There's some level where you have to set the confidence threshold to choose a course of action and you'll be subject to some ML-derived unpredictability as confidence fluctuates around it... right?
In such situations, the car should take the safest action and assume it's a pedestrian.
But mechanically that's just moving the confidence threshold to 100% which is not achievable as far as I can tell. It quickly reduces to "all objects are pedestrians" which halts traffic.
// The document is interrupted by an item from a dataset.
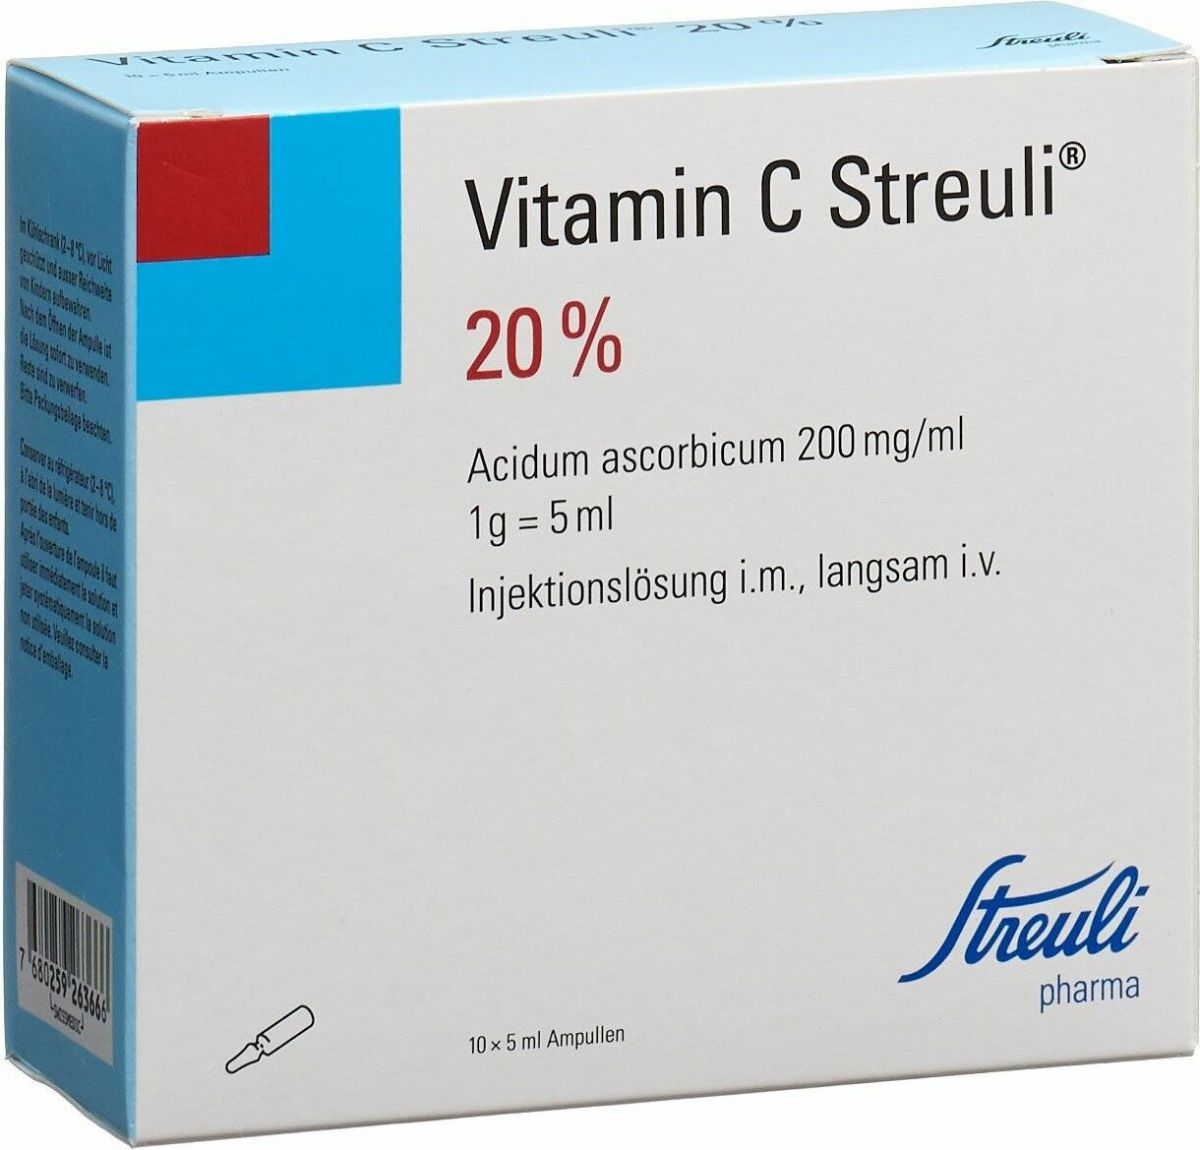 Reusachtig voor de hand liggend verkoper Vitamin C Streuli Injektionslösung 20% 10 Ampullen 5ml in der Adler Apotheke

This would only be in ambiguous situations when the confidence level of "pedestrian" and "cyclist" are close to each other. If there's an object with 20% confidence level that it's a pedestrian, it's probably not. But we're talking about the situation when you have to decide whether to yield or not, which isn't really safety critical.
The car should avoid any collisions with any object regardless of whether it's a pedestrian, cyclist, cat, box, fallen tree or any other object, moving or not.